**What you should do**
Nothing but the lines from the first line of the material below through the line that holds "Un certo numero" should be set down, exactly and with pictures left out.

**Information provided**
::::::::

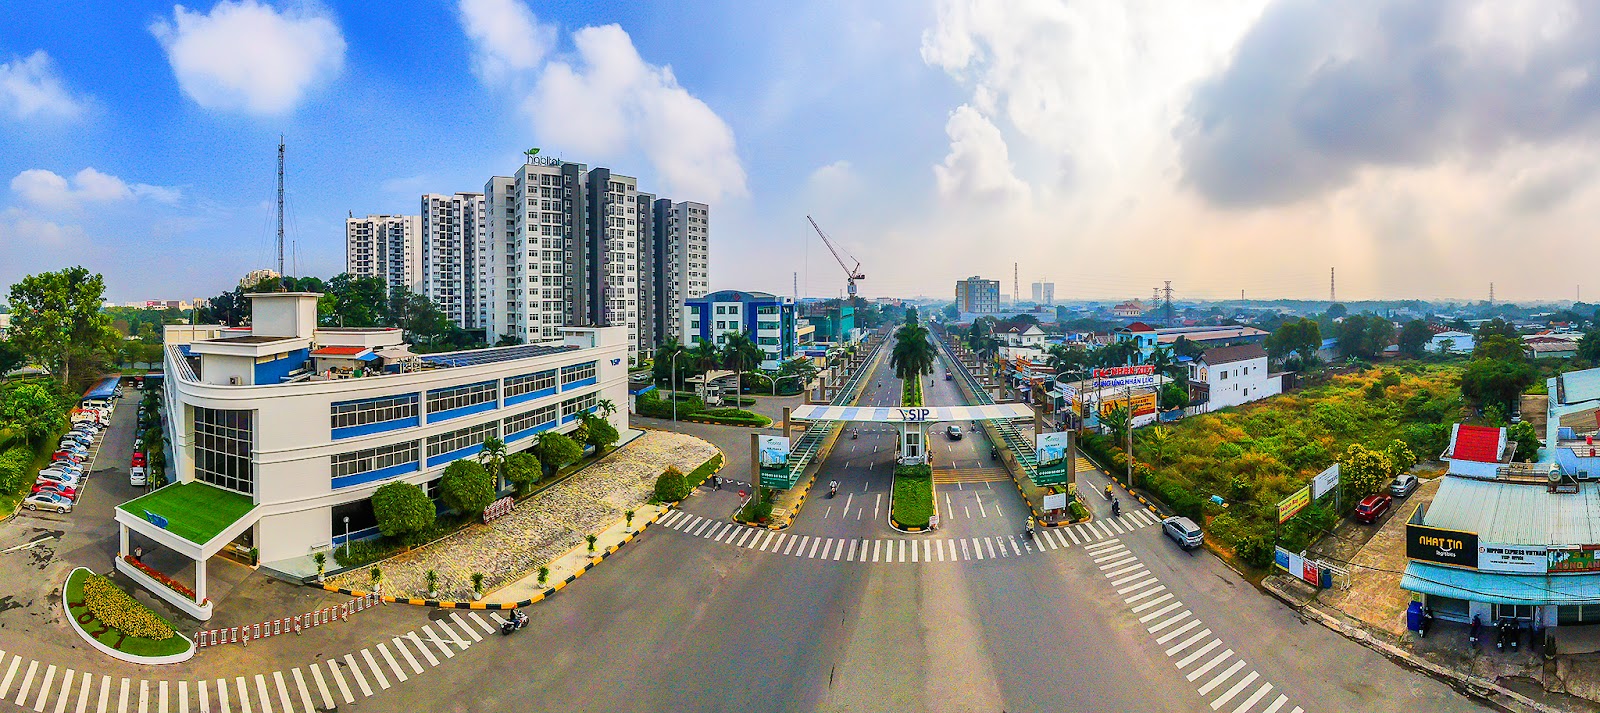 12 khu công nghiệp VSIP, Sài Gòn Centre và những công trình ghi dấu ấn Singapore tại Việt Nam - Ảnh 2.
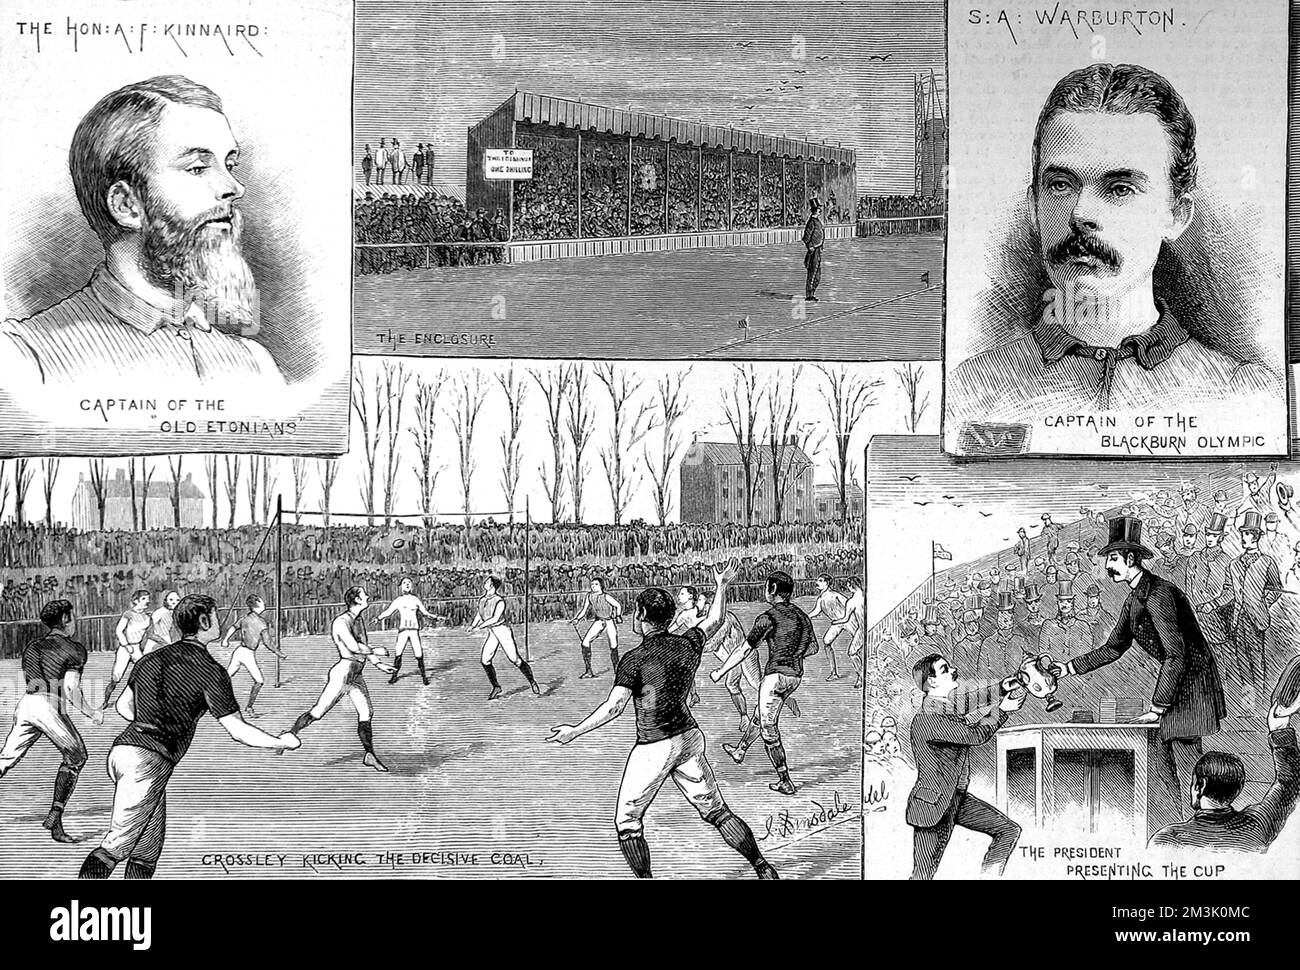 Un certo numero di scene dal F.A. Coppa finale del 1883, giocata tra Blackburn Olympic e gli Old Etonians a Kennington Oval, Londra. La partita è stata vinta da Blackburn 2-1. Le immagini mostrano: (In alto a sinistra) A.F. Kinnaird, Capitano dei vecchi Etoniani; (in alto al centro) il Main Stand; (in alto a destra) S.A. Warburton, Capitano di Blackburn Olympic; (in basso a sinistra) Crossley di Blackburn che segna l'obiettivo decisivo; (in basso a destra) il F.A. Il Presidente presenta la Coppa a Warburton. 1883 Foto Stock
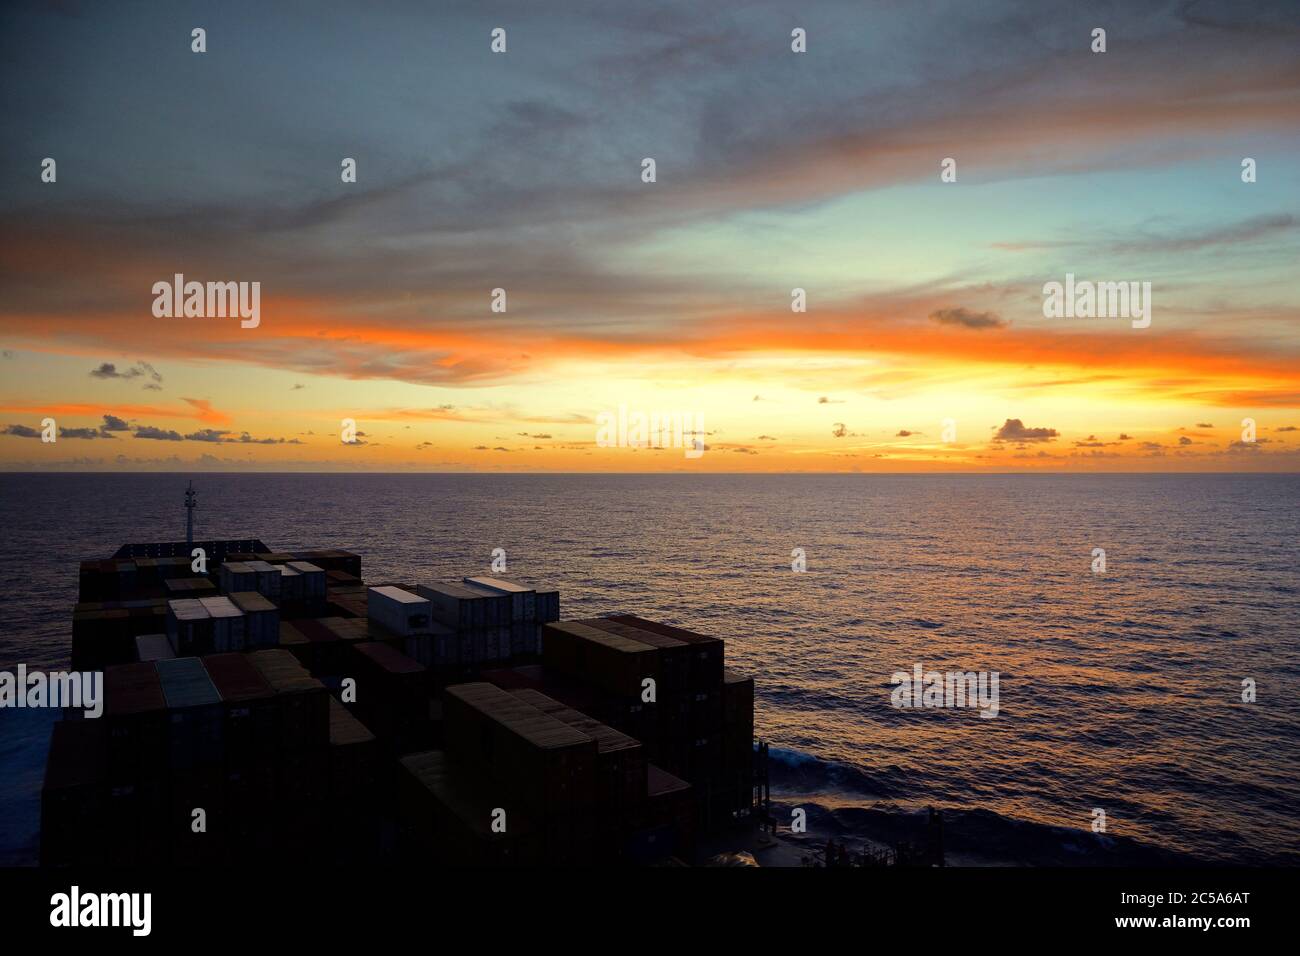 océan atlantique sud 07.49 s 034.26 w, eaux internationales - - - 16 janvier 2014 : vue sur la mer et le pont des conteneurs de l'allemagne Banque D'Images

::::::::

**Result of this task**
 12 khu công nghiệp VSIP, Sài Gòn Centre và những công trình ghi dấu ấn Singapore tại Việt Nam - Ảnh 2.
 Un certo numero di scene dal F.A. Coppa finale del 1883, giocata tra Blackburn Olympic e gli Old Etonians a Kennington Oval, Londra. La partita è stata vinta da Blackburn 2-1. Le immagini mostrano: (In alto a sinistra) A.F. Kinnaird, Capitano dei vecchi Etoniani; (in alto al centro) il Main Stand; (in alto a destra) S.A. Warburton, Capitano di Blackburn Olympic; (in basso a sinistra) Crossley di Blackburn che segna l'obiettivo decisivo; (in basso a destra) il F.A. Il Presidente presenta la Coppa a Warburton. 1883 Foto Stock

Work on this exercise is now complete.